Displaying the Results of EXPLAIN PLAN

The raison d’être for the EXPLAIN PLAN SQL statement is to generate an execution plan for a statement without actually executing the statement. The EXPLAIN PLAN statement only writes a representation of the execution plan to a table. It doesn’t display anything itself. For that, you have to use the DBMS_XPLAN.DISPLAY function. This function takes several arguments, all of which are optional; I will use the defaults for now. The intention is to pass the results of the function to the TABLE operator. Listing 3-1 shows an example that performs an EXPLAIN PLAN for a query using tables from the SCOTT example schema and then displays the results using DBMS_XPLAN.DISPLAY.

Listing 3-1. Join of EMP and DEPT tables


FROM scott.emp i
WHERE i.deptno = e.deptno)
FROM scott.emp e, scott.dept d
WHERE e.deptno = d.deptno;


Plan hash value: 4153889731

| Id | Operation | Name | Rows | Bytes | Cost (%CPU)| Time |
| 0 | SELECT STATEMENT | | 14 | 1638 | 7 (15)| 00:00:01 |
| 1 | SORT AGGREGATE | | 1 | 13 | | |
|* 2 | TABLE ACCESS FULL| EMP | 1 | 13 | 3 (0)| 00:00:01 |
|* 3 | HASH JOIN | | 14 | 1638 | 7 (15)| 00:00:01 |
| 4 | TABLE ACCESS FULL| DEPT | 4 | 120 | 3 (0)| 00:00:01 |
| 5 | TABLE ACCESS FULL| EMP | 14 | 1218 | 3 (0)| 00:00:01 |

Predicate Information (identified by operation id):

2 - filter("I"."DEPTNO"=:B1)
3 - access("E"."DEPTNO"="D"."DEPTNO")

- dynamic sampling used for this statement (level=2)

The statement being explained shows the details of each employee together with details of the department, including the estimated count of employees in the department obtained from a correlated subquery in the select list. The output of DBMS_XPLAN.DISPLAY begins with a plan hash value. If two plans have the same hash value they will be the same plan. In fact, the same execution plan will have the same hash value on different databases, provided that the operations, object names, and predicates are all identical.

After the plan hash value you can see the operation table, which provides details of how the runtime engine is expected to set about executing the SQL statement.

· The first column is the ID. This is just a number to uniquely identify the operations in the statement for use by other parts of the plan. You will notice that there is an asterisk in front of operations with IDs 2 and 3. This is because they are referred to later in the output. For the sake of brevity I will say “operation 2” rather than “The operation with ID 2” from now on.

· The second column is the operation. There are some 200 operation codes, very few of which are officially documented, and the list grows longer with each release. Fortunately, the vast majority of operations in the vast majority of execution plans come from a small subset of a couple of dozen that will become familiar to you as you read this book, if they aren’t already.

· The third column in the operation table is called name. This rather non-descript column heading refers to the name of the database object that is being operated on, so to speak. This column isn’t applicable to all operations and so is often blank, but in the case of a TABLE ACCESS FULL operation it is the name of the table being scanned.

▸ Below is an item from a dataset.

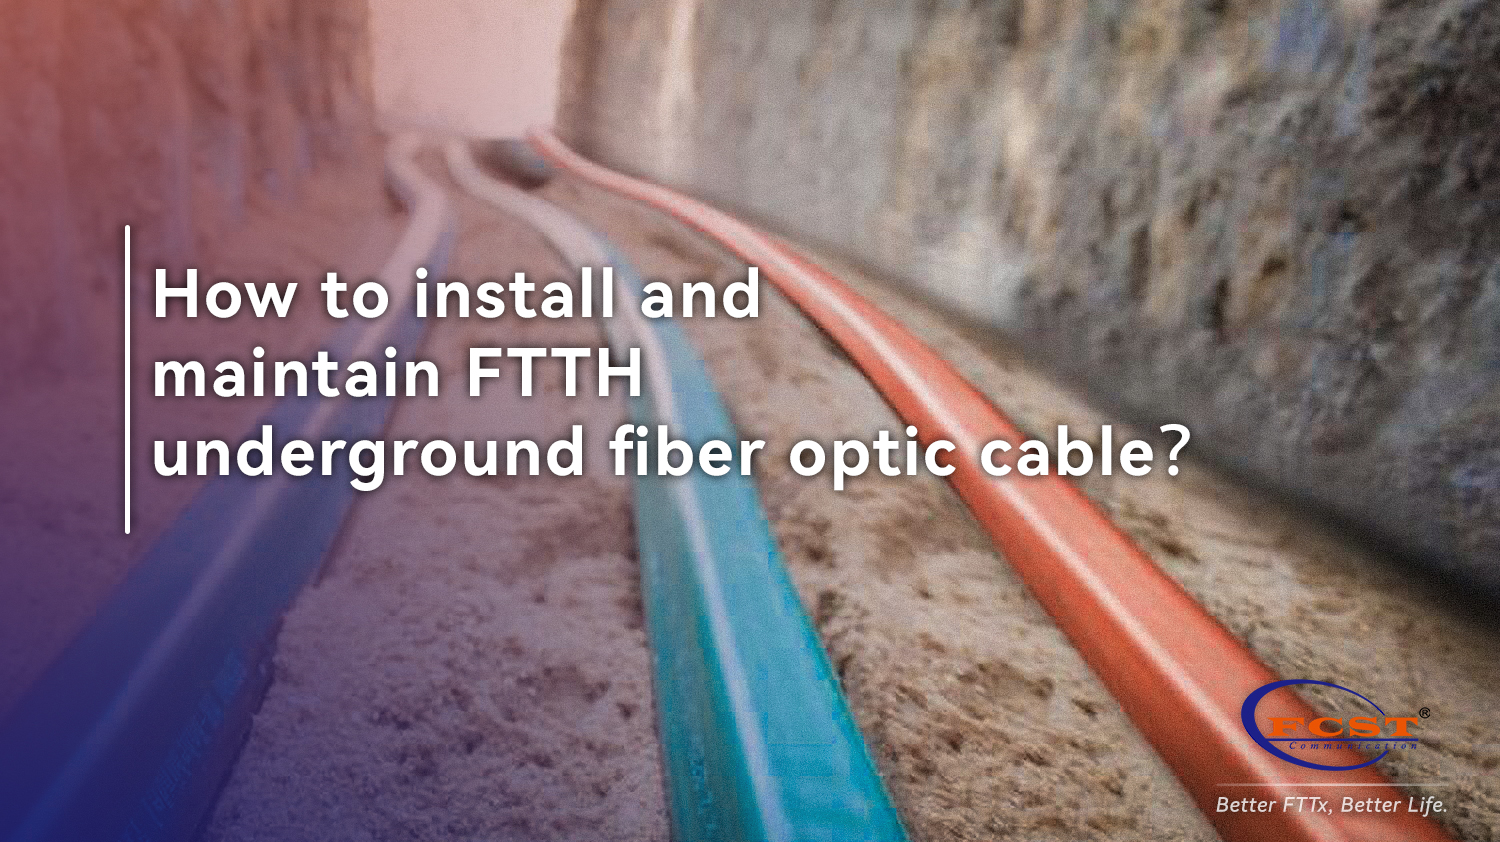 How to install and maintain FTTH underground fiber optic cable？

· The next column is rows. This column provides the estimated number of rows that the operation is finally going to produce, a figure often referred to as a cardinality estimate. So, for example, you can see that operation 2 uses the TABLE ACCESS FULL operation onEMP and will read the same number of rows as ID 5 that performs the same operation on the same object. However, ID 5 returns all 14 rows in the table while operation 2 is expected to return one row. You will see the reason for this discrepancy shortly. Sometimes individual operations are executed more than once in the course of a single execution of a SQL statement. It is important to understand that the estimated row count usually applies to a single invocation of that operation and not the total number of rows returned by all invocations. In this case, operations 1 and 2 correspond to the subquery in the select list and are expected to return an average of about one row each time they are invoked.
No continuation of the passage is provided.